Tri-Cities refinancing trend still strong, but Coronavirus turns things upside down

Rock-bottom mortgage rates enticed Tri-Cities homeowners to flock toward refinancing during the last three quarter of 2019, according to ATTOM Data Solution’s Q4 Mortgage Origination Report.  During Q4, refi loan originations almost equaled the number of purchase originations.

And all of that was B.C. (Before Coronavirus). By late March it was a whole new ball game and it was beginning to look like housing and home financing were turning upside down, at least in the short-term.
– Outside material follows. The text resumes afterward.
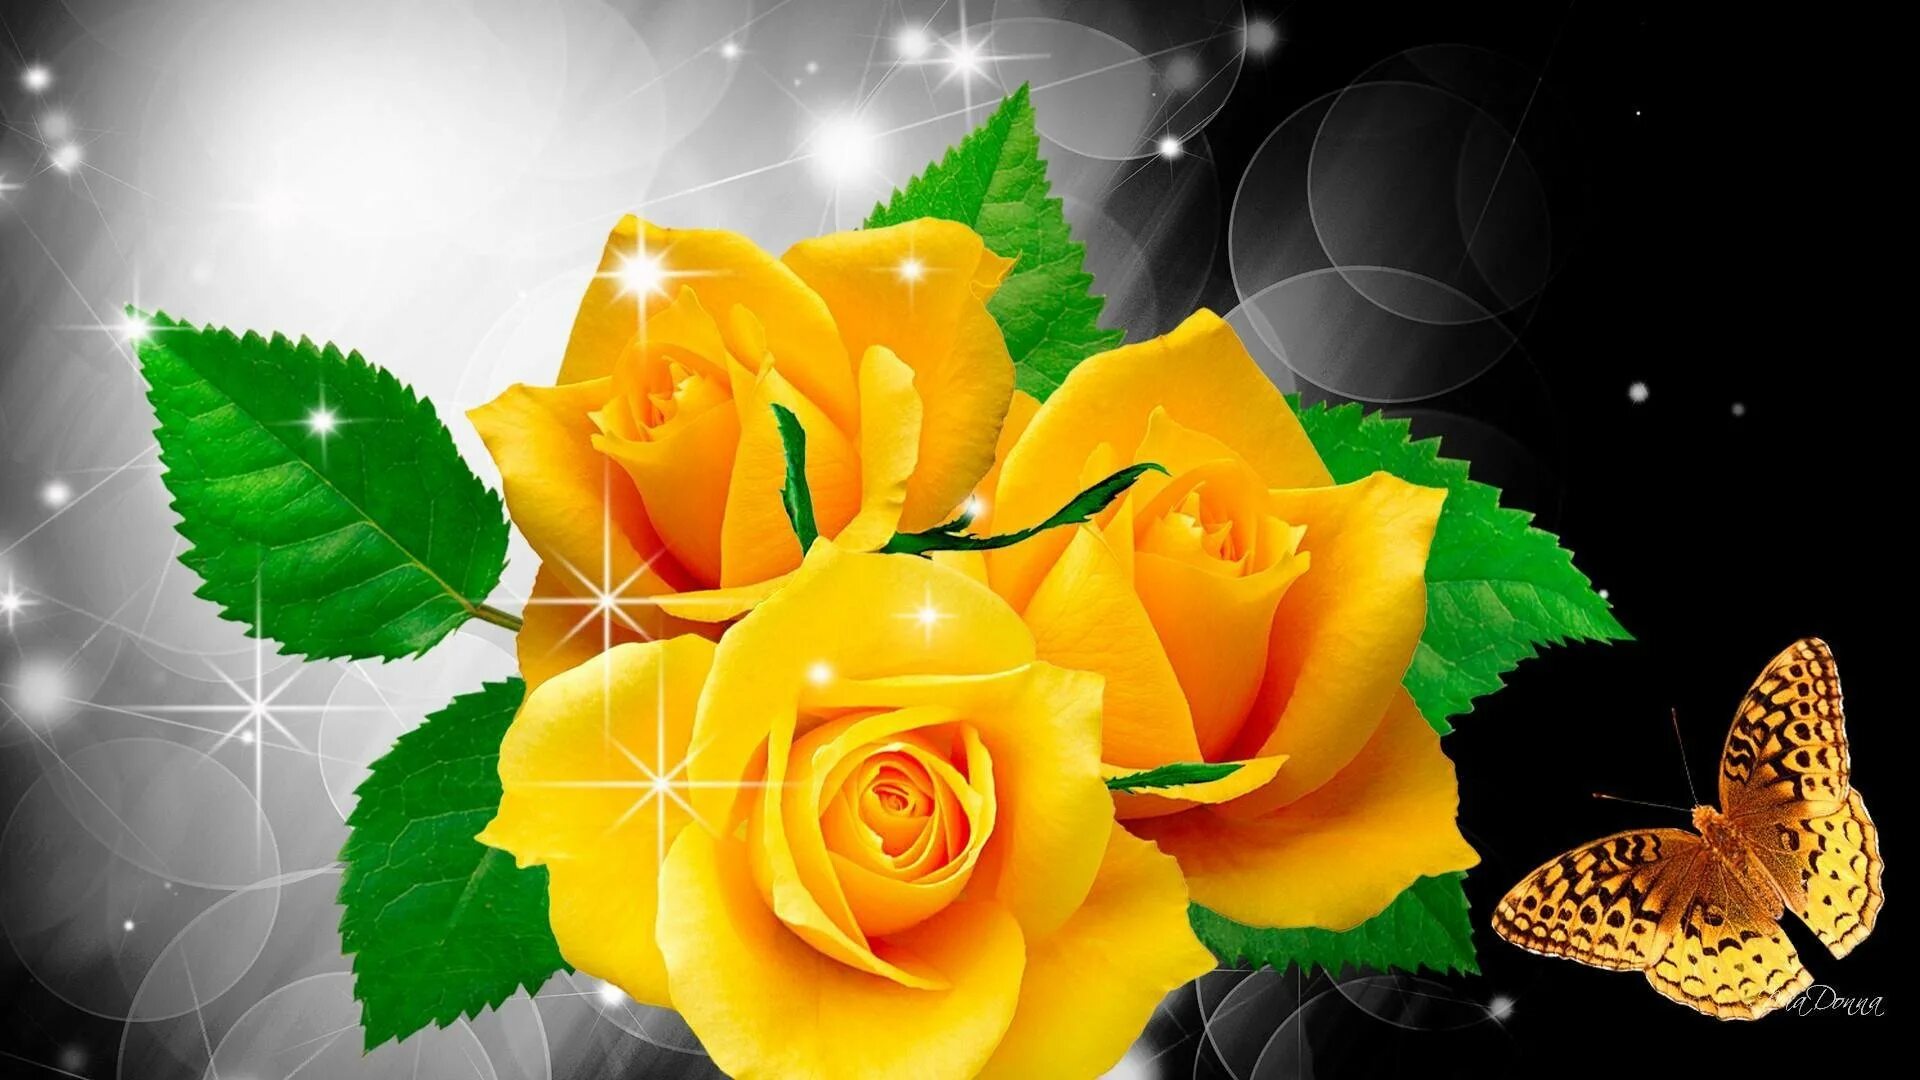 Картинка добрый цветок. Желтые розы. Цветы красивые живые. Переливающиеся цветы. Спокойной ночи с желтыми розами.
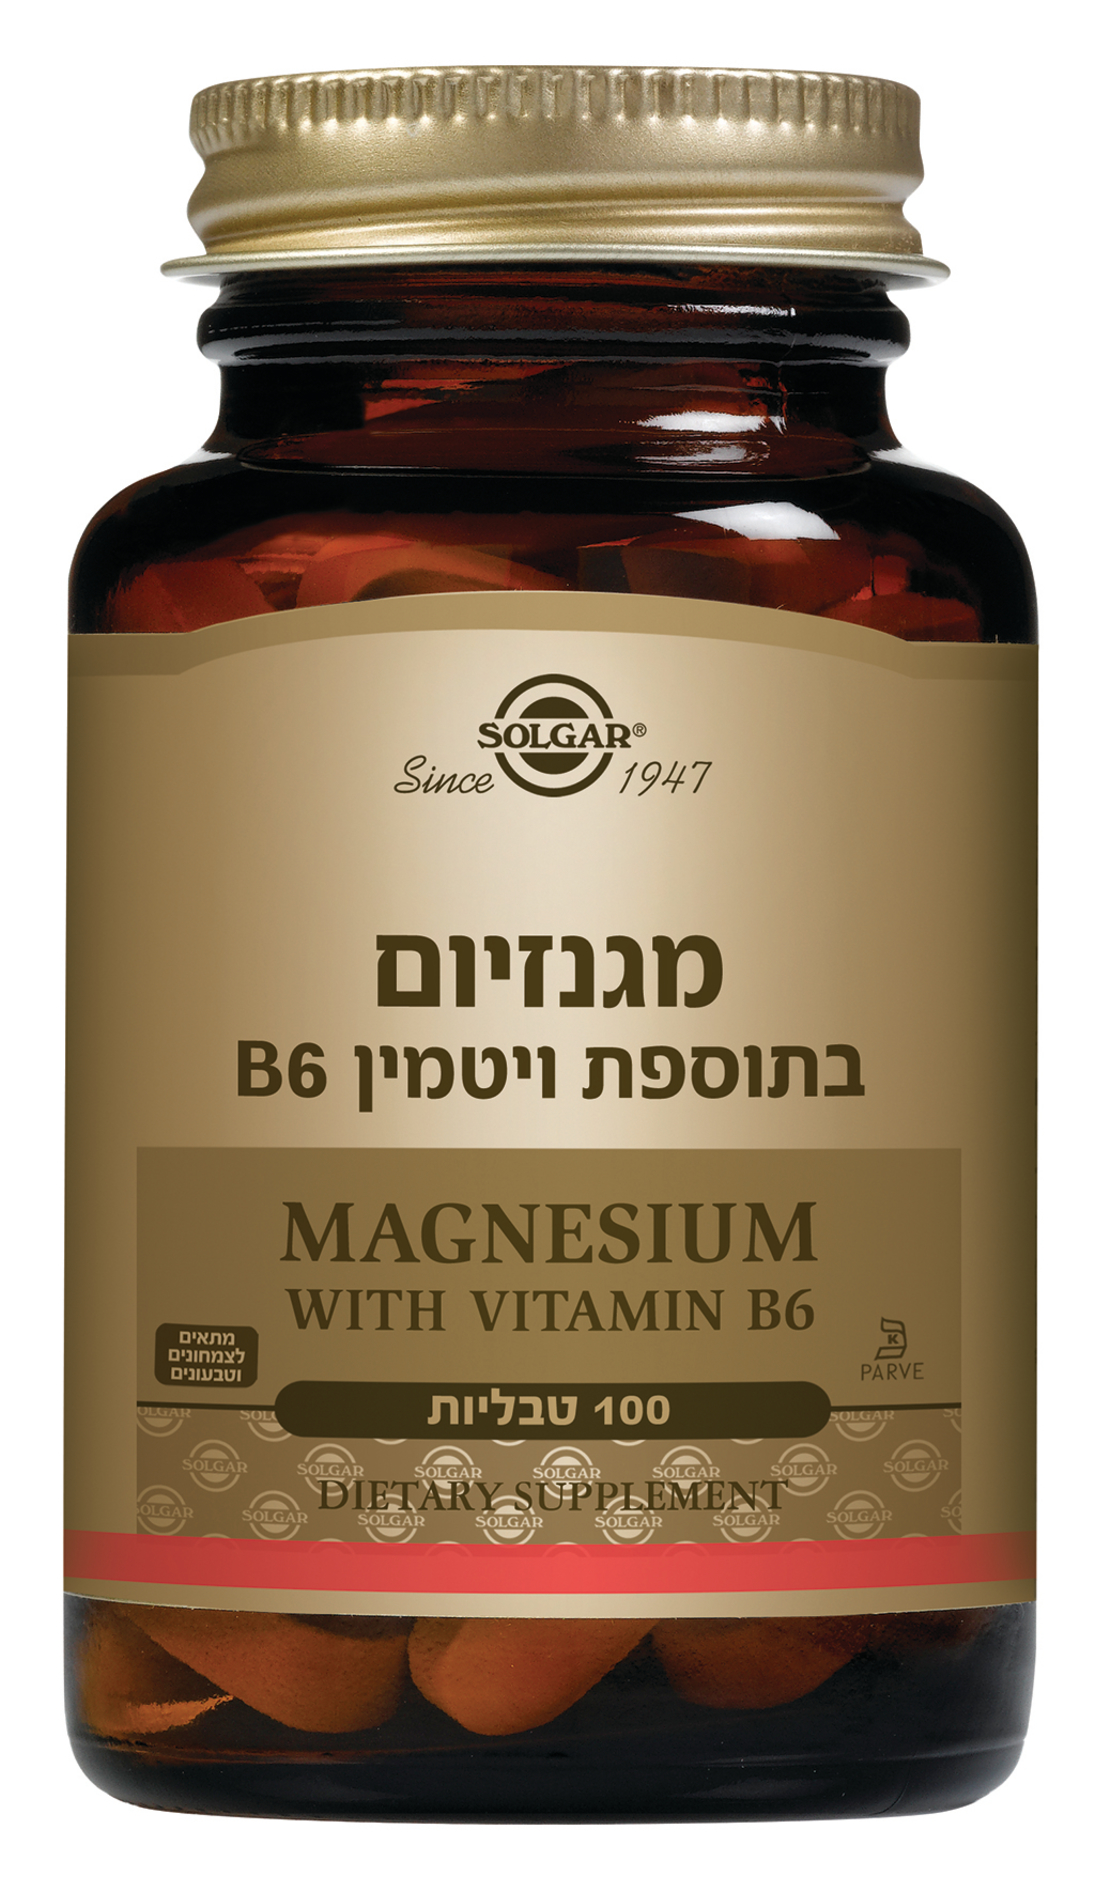 מגנזיום בתוספת ויטמין B6 סולגאר 100 טבליות

“The fourth quarter was a banner period for residential mortgages across the United States, as declining interest rates and a strong economy helped spur more than 2 million borrowers to sign on for new or refinanced loans,” said Todd Teta, chief product officer at ATTOM Data Solutions. “Refinancing largely drove the trend, with more than twice as many homeowners trading in higher-interest mortgages for cheaper ones than in the same period of 2018. These trends could all change when the economic fallout from the Coronavirus outbreak hits. But the last few months of 2019 saw a burst of lending activity not seen in the U.S. housing market for several years.”


“Could all change” was rapidly becoming changing according to local lenders. Deals that we already in the pipeline will save March and the Q1 picture. But things were beginning to change in the latter weeks of the month.

David Hamilton, president of the Tri-Cities Mortgage Bankers’ Association, said he watched applications drop off the face of the earth with much of his blue-collar clientele. He added that many of the pre-approved clients were beginning to back off. “They’re scared to death,” he said.

Steve Reed at Benchmark said his firm saw good volumes when everyone rushed into refinance. He said he wasn’t seeing a lot of people getting pre-approved on the purchase side. There were other similar responses. Although the sampling was random, a March-April decline was in the range of 30% to 40%

Nationwide mortgage application volume fell 29% in the week ending March 20, according to the Mortgage Bankers Association. It was the largest drop since 2009. At the same time, the home-purchase index fell 15% to its lowest level since August 2019 and dropped 11% on the year. It was the first year-over-year decline in more than three months.

And those refi applications that were so strong during the last three quarters of 2019 dropped 34% from the previous week. But even with that decline, they were up 195% from a year ago.

“Potential homebuyers might continue to hold off on buying until there is a slowdown in the spread of the coronavirus and more clarity on the economic outlook,” Joel Kan, MBA’s associate vice president of Economic and Industry Forecasting, said in a statement.

During the final week of March, rates began stabilizing after the Federal Reserve stepped in. On March 26, the 30-year fixed-rate mortgage dropped to 3.5%, 0.14% lower than it was at the beginning of the year.